I would love to be able to program this device myself, instead of relying on Samsung's firmware. BTW, what's the point of AES encryption on this pre-p0wned device? More security theatre? http://hothardware.com/reviews/samsung-portable-ssd-t1-review Samsung Portable SSD T1 Review: Blazing Fast External Storage Utilizing Samsung's proprietary 3D Vertical NAND (V-NAND) technology and a SuperSpeed USB 3.0 interface, the Portable SSD T1 redlines at up to 450MB/s when reading or writing data sequentially, according to Samsung. For random read and write activities, Samsung rates the drive at up to 8,000 IOPS and 21,000 IOPS, respectively.
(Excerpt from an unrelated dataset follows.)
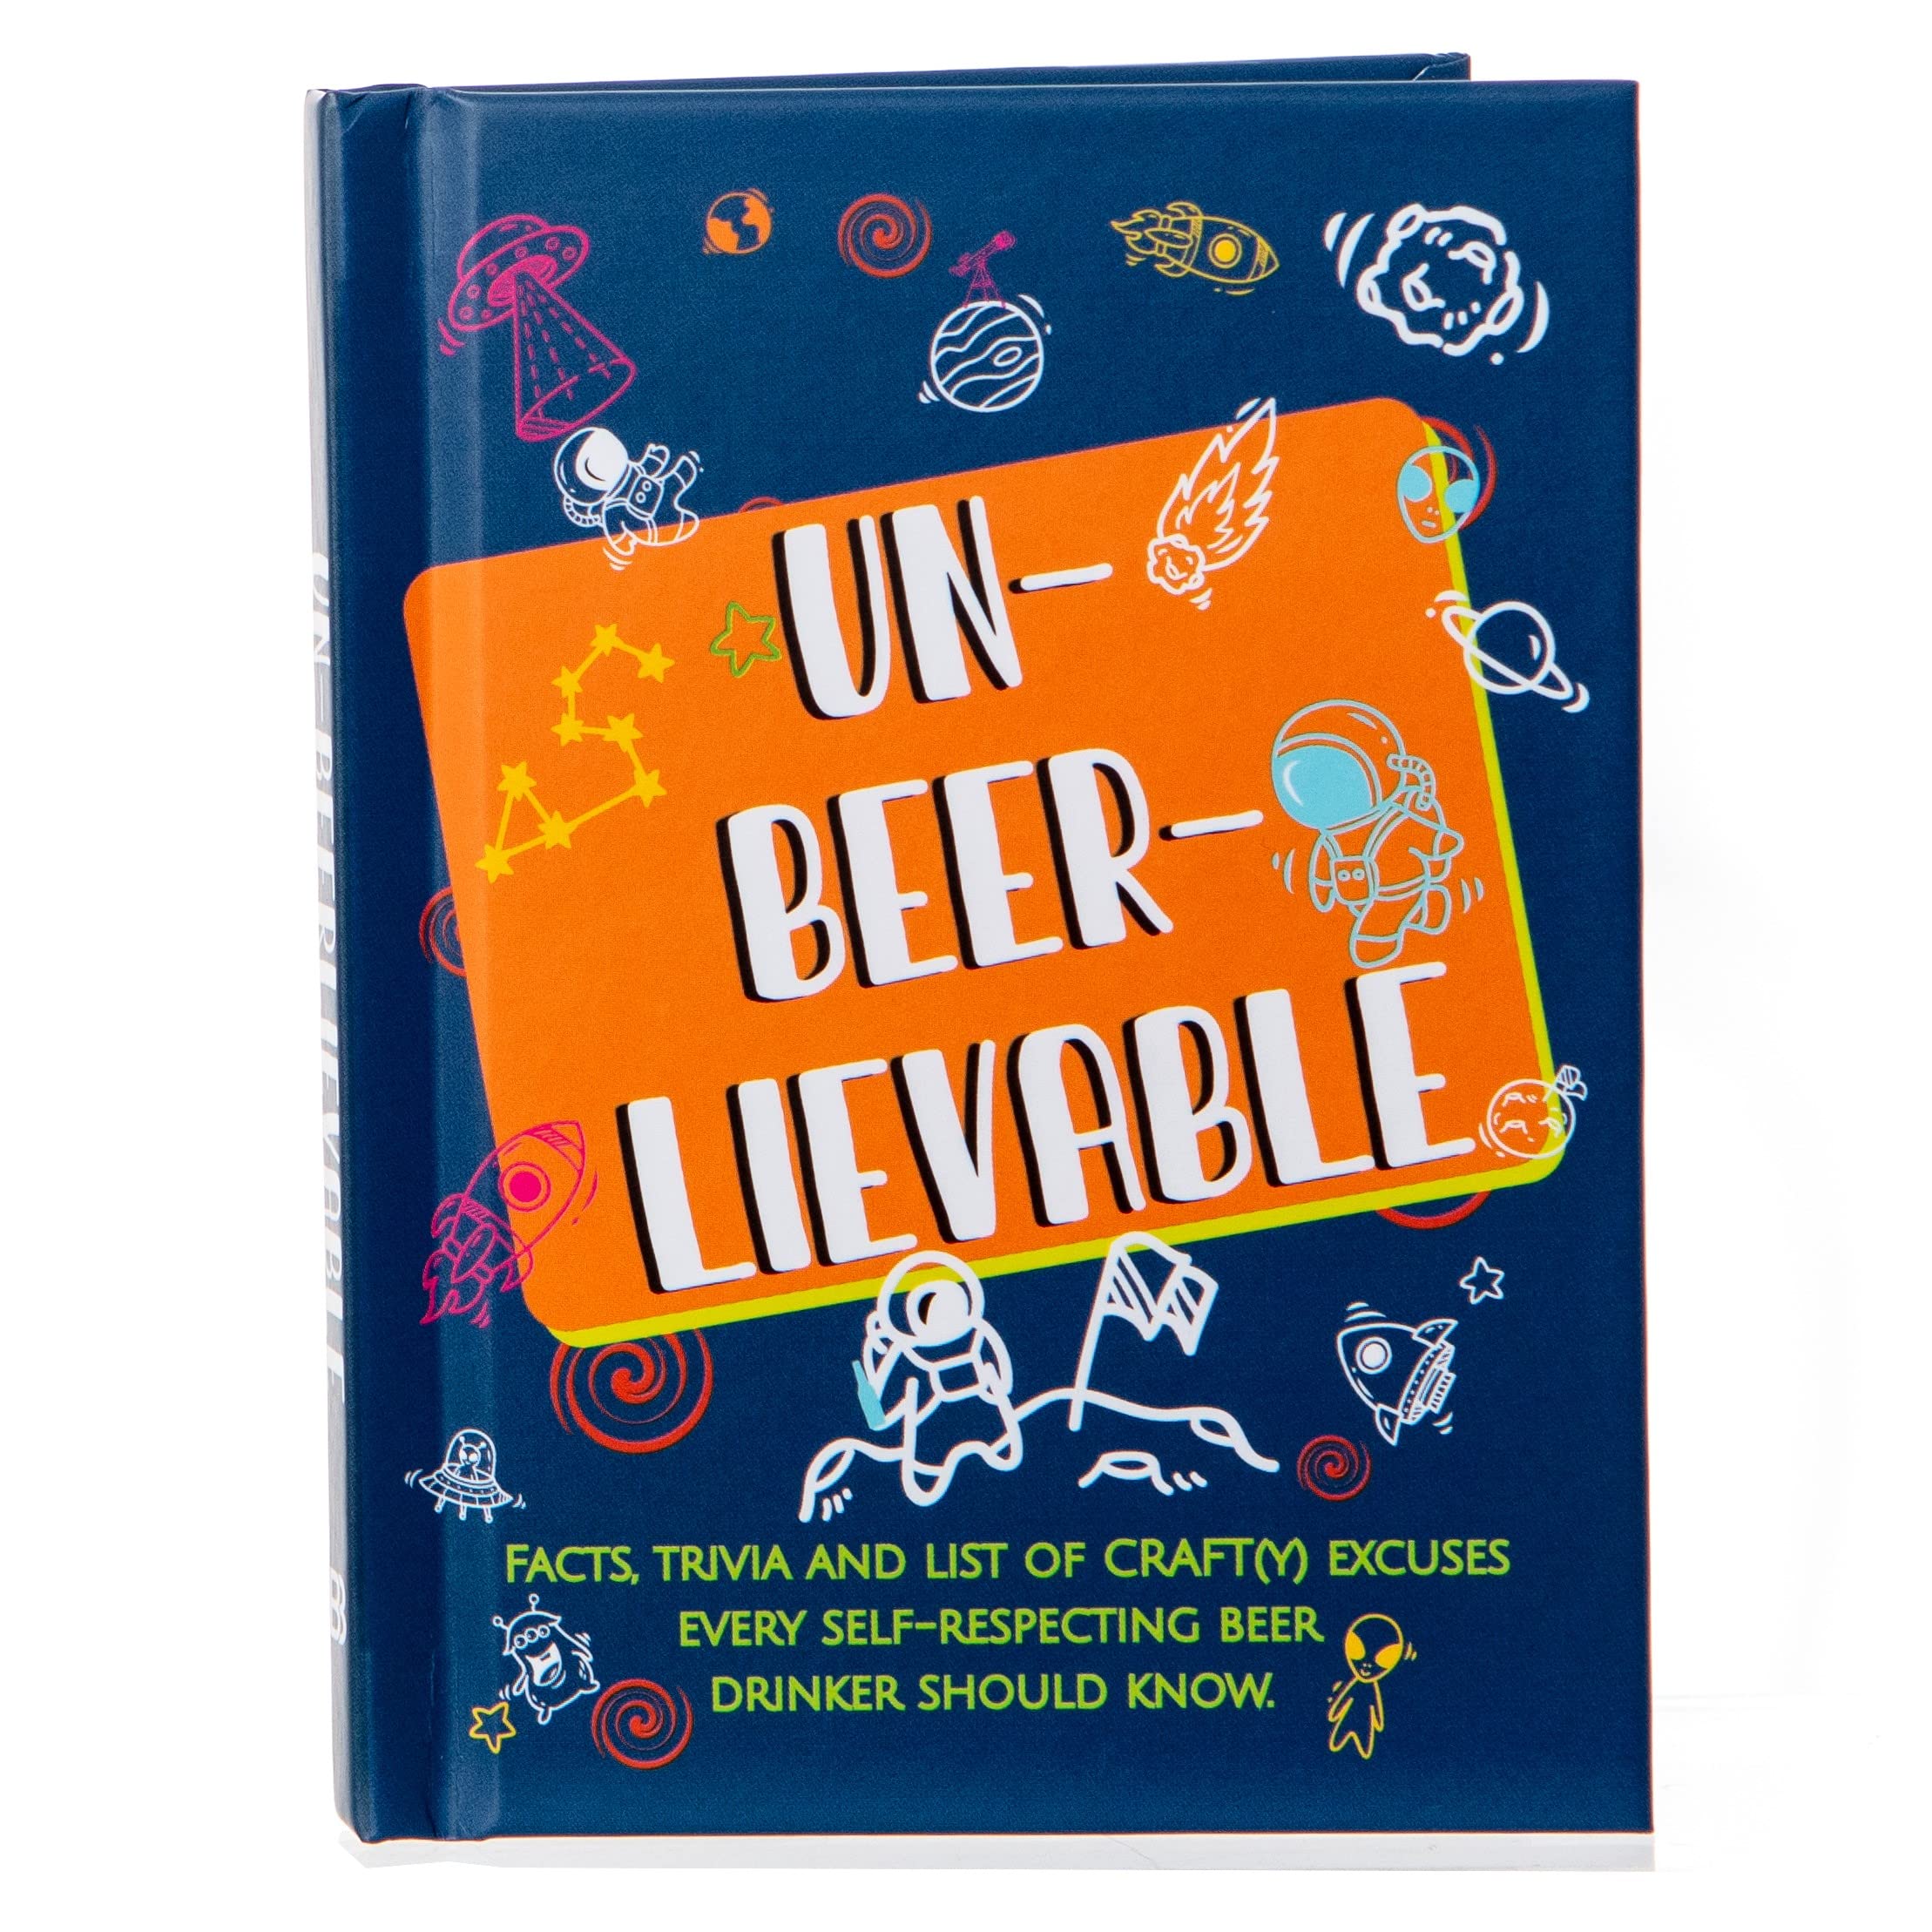 Un-Beer-Lievable Book
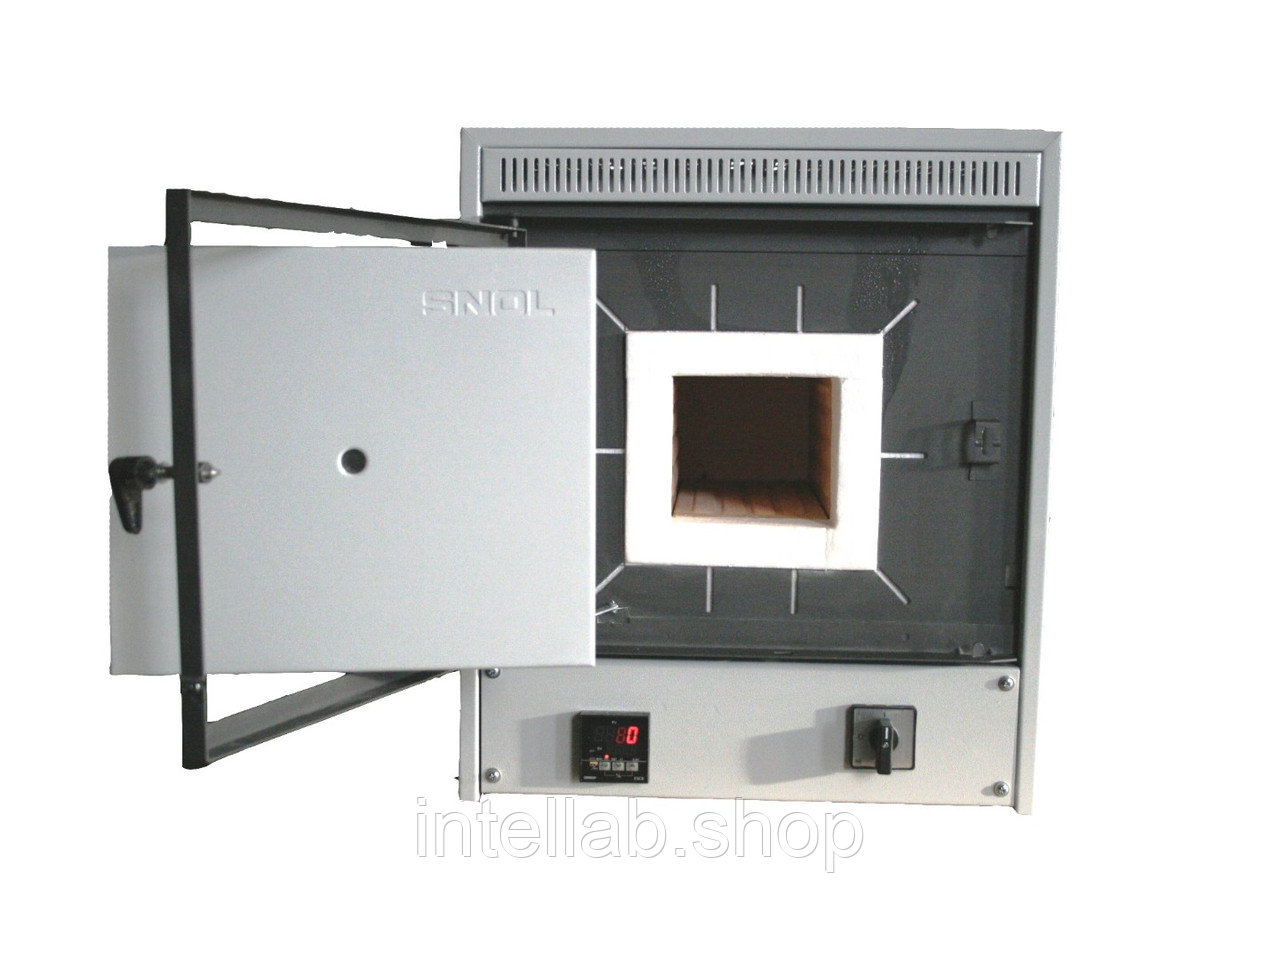 Электропечь сопротивления высокотемпературная лабораторная, тип SNOL, модель 4/1100 (LSC 01, 1100ºC, код:

Capacity 1TB (250GB and 500GB also available) Interface Compatible with USB 3.0, 2.0 Dimensions (W x H x D) 71.0 x 9.2 x 53.2 mm Weight Max. 30 grams Transfer Speed Up to 450MB/sec UASP Mode UASP Mode Encryption AES 256-bit Security Password setting (optional) Certification CE, BSMI,KC, VCC, C-tick, FCC, IC, UL, TUV, CB RoHS Compliance RoHS2 Warranty Limited 3 year Price$569 (street) - Find It At Amazon
-------- In message <E1YOTjj-0004uI-59 at elasmtp-mealy.atl.sa.earthlink.net>, Henry Baker writes:>BTW, what's the point of AES encryption on this pre-p0wned device? >More security theatre? > >http://hothardware.com/reviews/samsung-portable-ssd-t1-reviewIt's so that you can decommision the drive without destroying it. Pulverizing electronics gets you hazardous waste under EU's ROHS/WEEE rules. Throwing away the AES key gives you run-of-the-mill electronic garbage. -- Poul-Henning Kamp | UNIX since Zilog Zeus 3.20 phk at FreeBSD.ORG | TCP/IP since RFC 956 FreeBSD committer | BSD since 4.3-tahoe Never attribute to malice what can adequately be explained by incompetence.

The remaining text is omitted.